The road network was still in a developmental stage, and most roads were in poor condition, with the tarmac hammered by old and dilapidated trucks. Motorbikes and even animal-drawn carts were being used to carry goods in some parts of the country.

“About 90% of other roads are still in bad condition, even though the primary national road network has been improved,” said Ouk Nida, who noted that ADB has already funded repair of National Roads 5, 6, 33, 56, and 68.

ADB has spent more than $250 million in Cambodia since 1993. Its work includes seven major road repair projects as well as several drainage and flood-control schemes across Cambodia, he said.

Between 1992 and 2007 Japan provided more than $1.3 billion in financial assistance in the form of bilateral grants and extended a $182 million loan for the rehabilitation and development of the Cambodian road system, according to a Japanese report issued in May.

“The government of Japan has provided approximately US$250 million in grant aid for road rehabilitation and construction, whereas about US$150 million has gone to bridge construction and rehabilitation,” according to a statement from the Japanese embassy.

South Korean Ambassador to Cambodia Shin Hyun Suk noted in May, meanwhile, that “South Korea has provided another $37 million, adding to the $17 million in Economic Development Cooperation Fund loans to the Cambodian government to finish the National Road 3 rehabilitation project.”

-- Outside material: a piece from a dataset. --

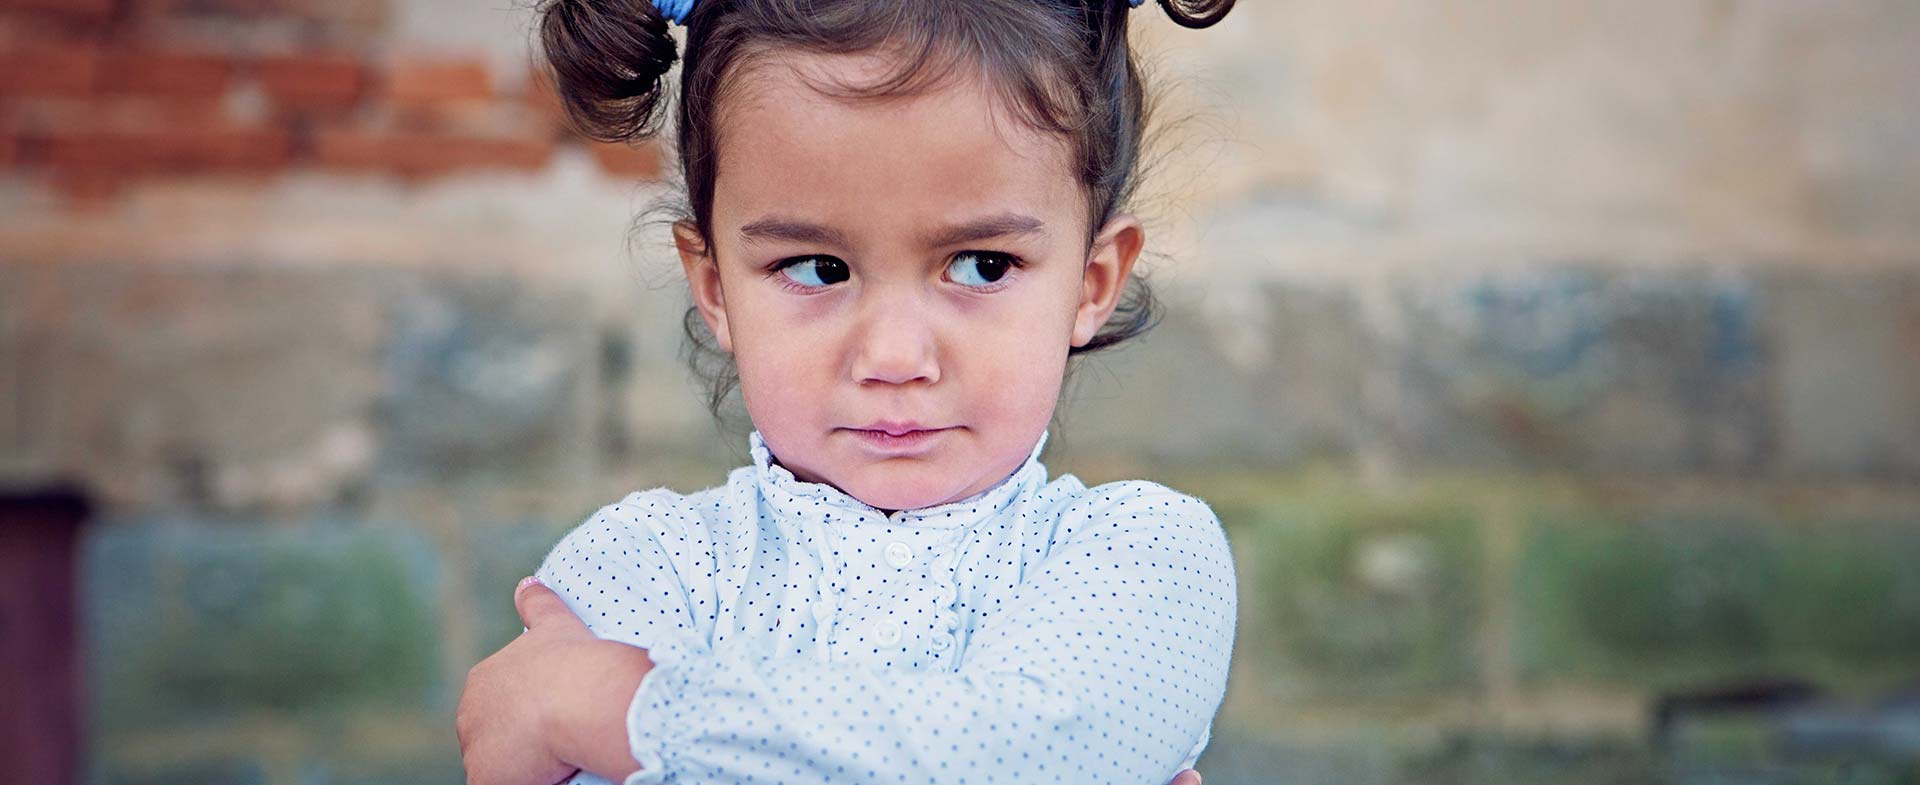 grumpy little girl

While the World Bank said the objective of RAMP was to ensure continued effective use of the rehabilitated national and provincial road network in support of Cambodian economic development, Cambodian Economic Association president Chan Sophal worried that “Cambodia will lose if the roads are low in quality or lack maintenance because the government has borrowed from other countries, and most of the projects have been handled by foreign companies, giving few local companies experience in big projects.”

RAMP includes a plan for maintenance and repair of roads built or improved under the project, according to the General Department of Public Works report.

The Ministry of Public Works and Transport estimated that there were about 670,000 motorbikes and 197,000 automobiles plying the nation’s roads at the end of 2007, including, according to World Bank estimates, 326,310 motorbikes, 102, 810 lighter vehicles and 17,880 heavy trucks that were not registered.